XIX Edición

Curso 2022 - 2023

Alejandro Quintana

El caserón 

Leandro Mazuelos, 15 años

Colegio Altair (Sevilla)

–¿Acaso tienes miedo? –le preguntó Juan, con voz desafiante.

–En absoluto; es una cuestión de respeto –mintió Pablo, que en realidad estaba atemorizado, aunque él nunca rechazaba un reto de su amigo.

–¿A sí? Pues entonces vete hasta la casa y toca la pared con la mano, a ver si eres tan valiente.

Pablo sintió que Juan subestimaba sus agallas. Movido por el orgullo, aceptó el desafío. Después dudó unos momentos, pero saltó la tapia que rodeaba el jardín y echó a correr en dirección al caserón. Mientras, su amigo le esperó apoyado en una farola, sin poder ocultar una sonrisa de admiración.

* * *

Cada mañana, Juan y Pablo acudían juntos al colegio del pueblo por la misma ruta. No era un trayecto muy largo: se encontraban en el portal de Juan, atravesaban un parque, atajaban por un descampado y enfilaban una calle. Algunos vecinos se asomaban a la ventana para darles los buenos días al verlos pasar, y ellos correspondían agitando las manos. Pero aquella jovialidad se les cortaba de golpe nada más divisaban la casa, ante la que aceleraban la marcha con la mirada puesta en la otra acera.

Bien sabido era que aquel caserón llevaba décadas abandonado, desde que sus dueños se marcharon del pueblo por circunstancias misteriosas. Desde entonces había permanecido deshabitada. 

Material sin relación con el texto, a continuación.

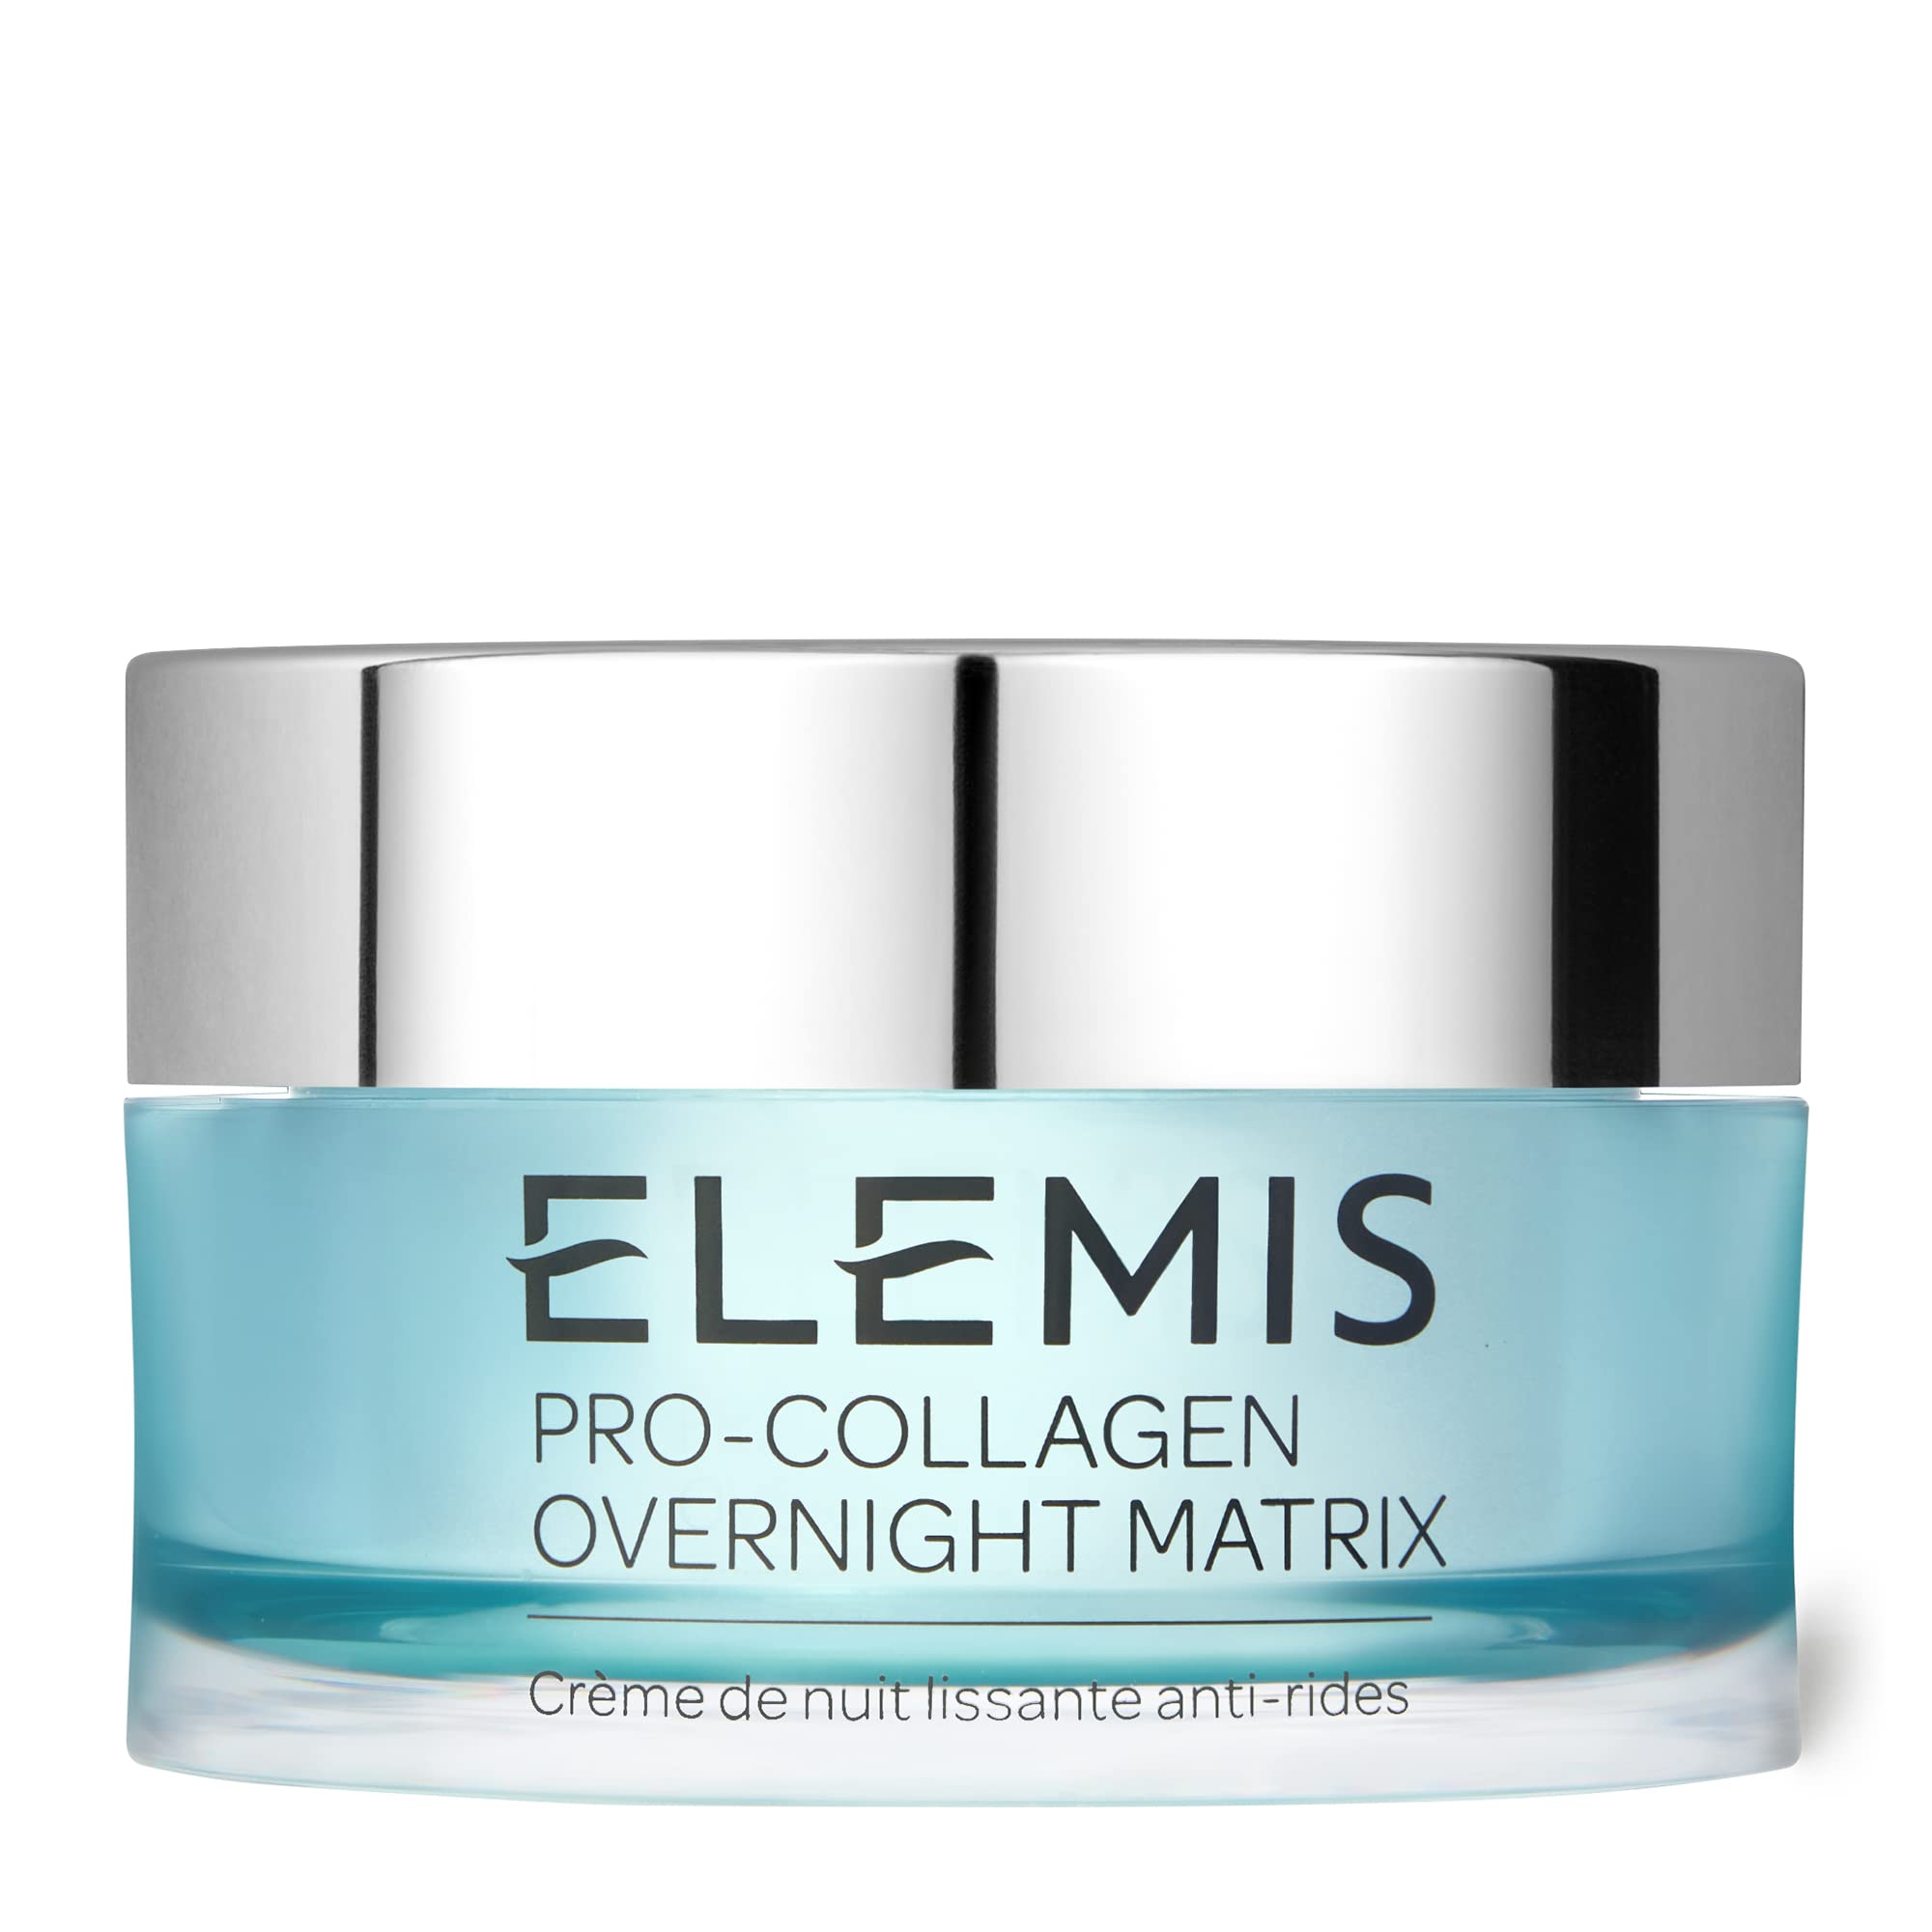 ELEMIS Pro-Collagen Overnight Matrix | Wrinkle Smoothing Night Cream Deeply Hydrates, Smoothes, Firms, and Replenishes Stressed-Looking Skin | 50 mL

Con el paso de los lustros, los niños de la localidad inventaron leyendas y difundieron rumores acerca de aquella vivienda de aspecto señorial, que con el transcurrir del tiempo la gente adoptó como ciertas. El caserón tenía paredes de madera que antaño estuvieron pintadas de blanco, y que por el abandono se habían tornado grises. La humedad invadía la fachada, casi oculta por la hiedra, que se colaba por cada recoveco. Muchas ventanas estaban rotas y mostraban la negrura del interior como horrendos bostezos. En el jardín crecían todo tipo de plantas, sin orden ni concierto, y los setos, antiguamente bien perfilados por una cuadrilla de jardineros, se encontraban unos secos y otros completamente desaliñados.

Movidos por la curiosidad, Juan había apostado dos bolsas de chuches con Pablo a que este no sería capaz de tocar una de las paredes de la construcción.

* * *

Tras brincar por encima del muro, Pablo corrió rápidamente hacia la casa. Atravesó el jardín, moviéndose ágilmente entre las altas hierbas, hasta que se plantó frente a la mansión, que se alzaba imponente frente a él. Extendió uno de sus brazos y le dio un golpe seco a la fachada, haciendo que los viejos tablones de madera se estremeciesen con un crujido. Inmediatamente, emprendió la carrera de vuelta sin volver la vista atrás, y de un salto sobrepasó la tapia. 

Los dos niños rompían en carcajadas mientras correteaban de camino a la escuela. Tras de ellos, en una de las ventanas del caserón, unos ojos brillantes observaban el panorama. Resonó una carcajada y… ¡zas! se produjo un veloz movimiento de cortinas. 

La vivienda se quedó envuelta en el silencio, como de costumbre.